И я этой уверенности так хорошо подмахнула, черт возьми!
— Не подходи ко мне больше. Даже близко, — я покачиваю головой, пытаясь унять в себе острую ярость, — я слишком близка к тому, чтобы обвинить тебя в домогательствах. И там уже судье доказывай, что мне понравилось. Я с удовольствием посмотрю, как ты выкрутишься.
Он выкрутится, конечно. Но я сделаю хоть пару глотков его крови.
Нет, надо все-таки минимизировать общение с ним. Никаких совместных выходных, вечеров, прогулок и всего прочего.
Встречи для того, чтоб передать Маруську с рук на руки и баста.
Сама в это время буду как можно дальше от него. Меньше будет поводов поддаваться этому помешательству.
Отворачиваюсь от Ветрова и шагаю к двери. Нужно бы переодеться, ботинки под плевать, я просто хочу отсюда уйти. И не думать о том, что я совсем недавно допустила.
Ведь мне и вправду понравилось.
Восемь лет.
Восемь лет я жила, практически игнорируя существование мужчин. Просто потому, что ощущала себя барахлящей машиной, которая слишком плохо заводится.
И на обвинения во фригидности от пары кавалеров я даже не обиделась.
Так и было.
Я разучилась влюбляться, а так вот работает моя безмозглая голова — паршиво я возбуждаюсь без влюбленности. Я была уверена — эта часть меня умерла после развода. Если и не сразу после него, то парой лет после, когда отрицать, что Ветров не собирается возвращаться в мою жизнь, стало уже совершенно идиотично.
А нет. Не умерла. Отлично так встрепенулась, как только Ветров оказался рядом.
И сколько всего приходилось игнорировать, сколь многое я заталкивала внутрь себя, как только осознавала — меня к нему тянет, тянет!

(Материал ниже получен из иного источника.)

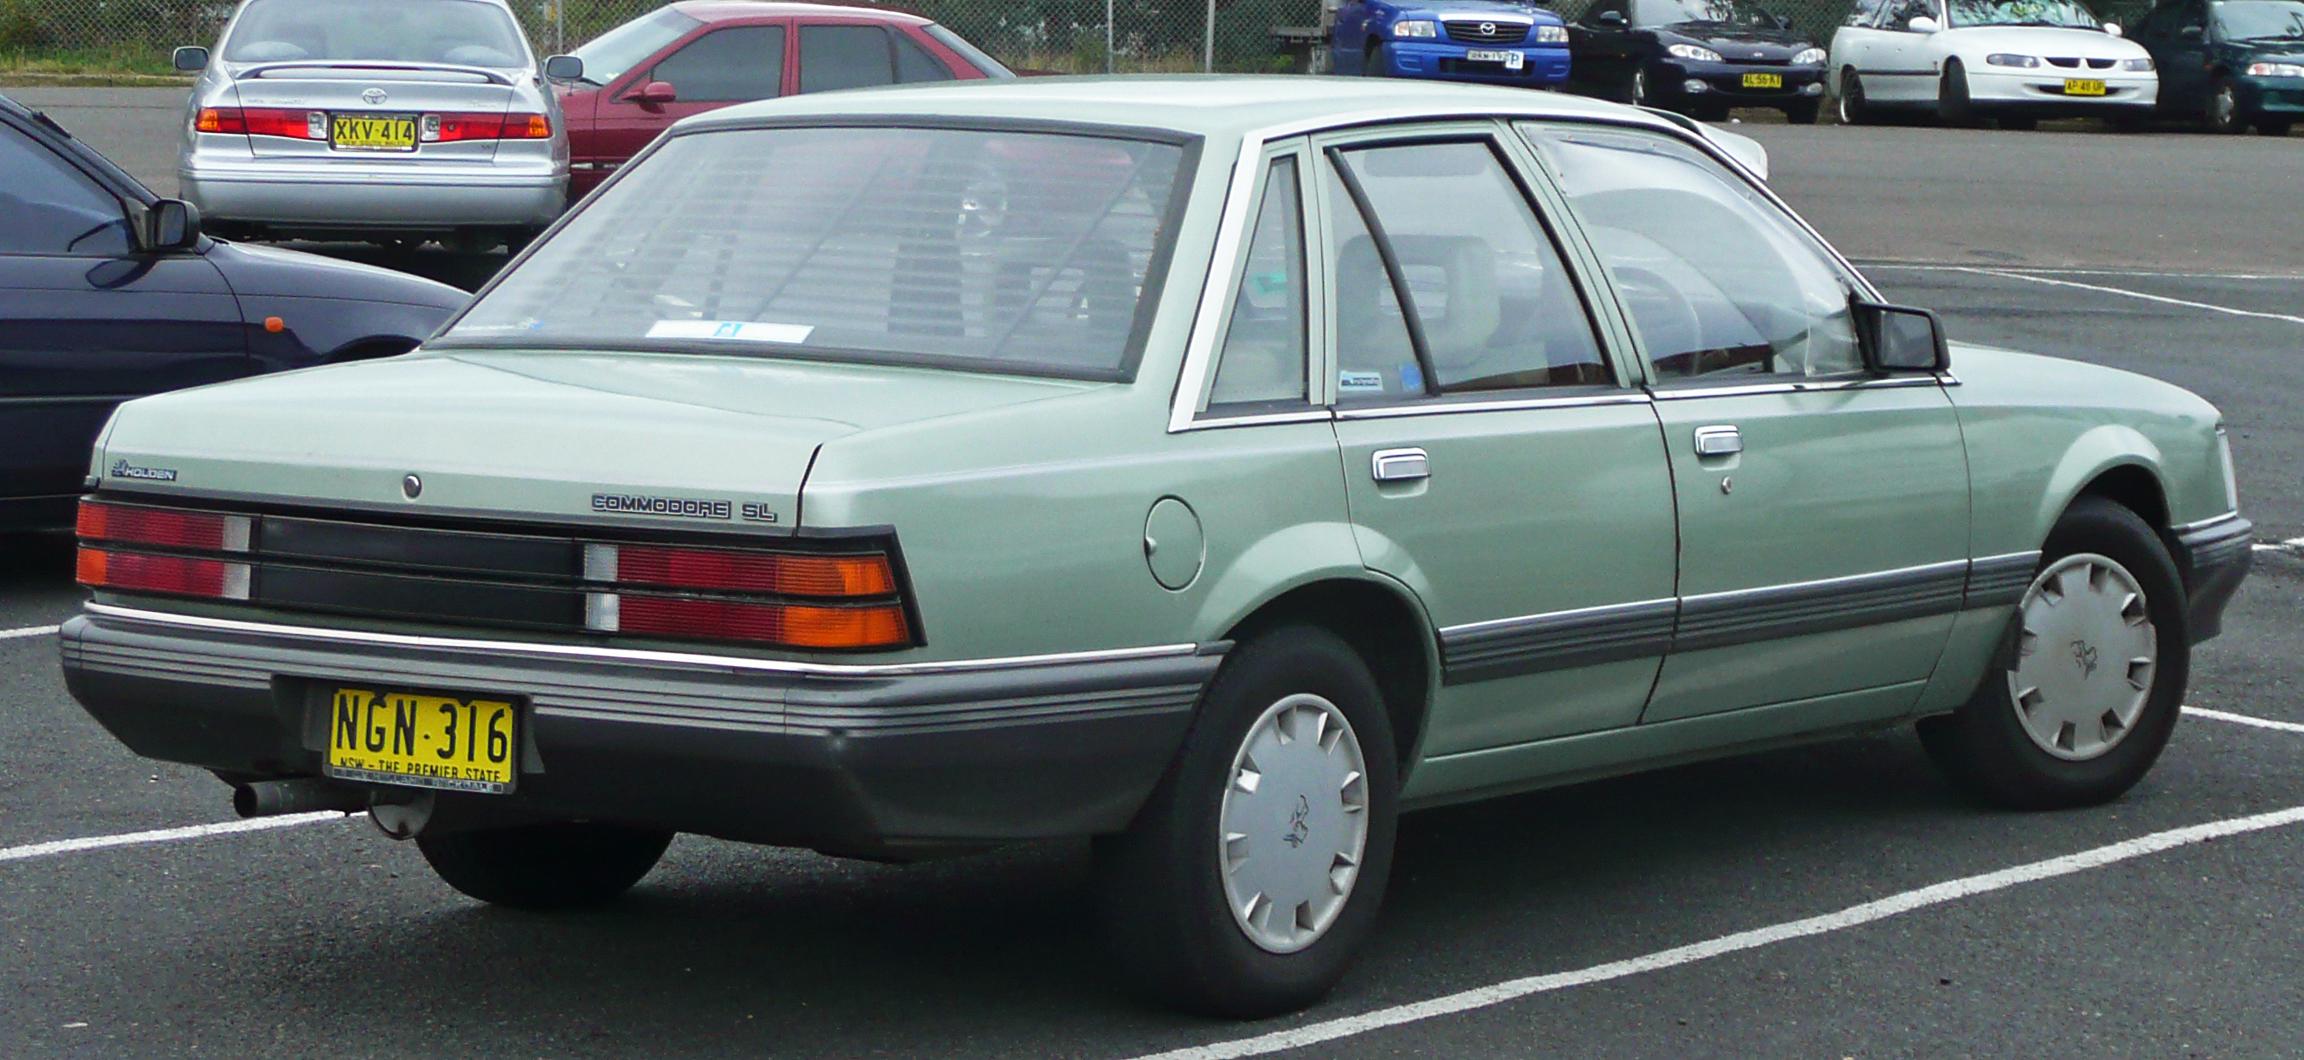 file19841986 holden vk commodore sl sedan 03jpg

Вопреки прошлому, вопреки его гадству, вопреки… Всему…
Он догоняет меня у самых дверей, ловит за руку, заставляет остановиться.
Только за руку, ничего больше.
— Не уходи, — устало просит Яр, — так — не надо.
Яр. Мне так и хочется сорваться на это легкое, такое привычное, такое родное для меня обращение. Ничему меня жизнь не учит. Хотя бы даже и потому, что я не выдергиваю руку сейчас. Хотя надо бы.
Но боже, как же жгут его пальцы.
— Придумал? — я оборачиваюсь с ехидной усмешкой. — Неужели? Ну, давай!
Мои уши уже готовы для твоей лапши.
— Ты ведь не настроена сейчас меня слушать, Вик.
Что действительно потрясающе — это его взгляд. Прямой, уверенный, твердый. Я знаю, что ничего у него нет, никаких объяснений, но сомнения… Сомнения все равно одолевают.
— Ветров, хватит тянуть время, — взрываюсь я, выдергивая руку из его хватки, — если тебе нечего мне сказать…
— Я за тобой следил, ясно? — рычит он неожиданно, заставляя меня подавиться воздухом. — Нанял детектива, и он притащил мне доказательства того, что ты мне изменяла. Очень убедительные!
— Это какой-то бред, — мысль так просто обращается в слова, что я уж удивляюсь звучанию собственного голоса, — ты мог бы придумать историю получше.
Яр морщится. Настолько кисло, что передергиваюсь и я.
— Любая история “получше” правдой не станет, — очевидно, что каждое слово дается ему с трудом, — я не хочу оправдываться, Вик. И не потому, что мне это сложно, а потому что… Не хочу. Столько всего с тобой испорчено моими руками — еще и вранья моего нам не хватало.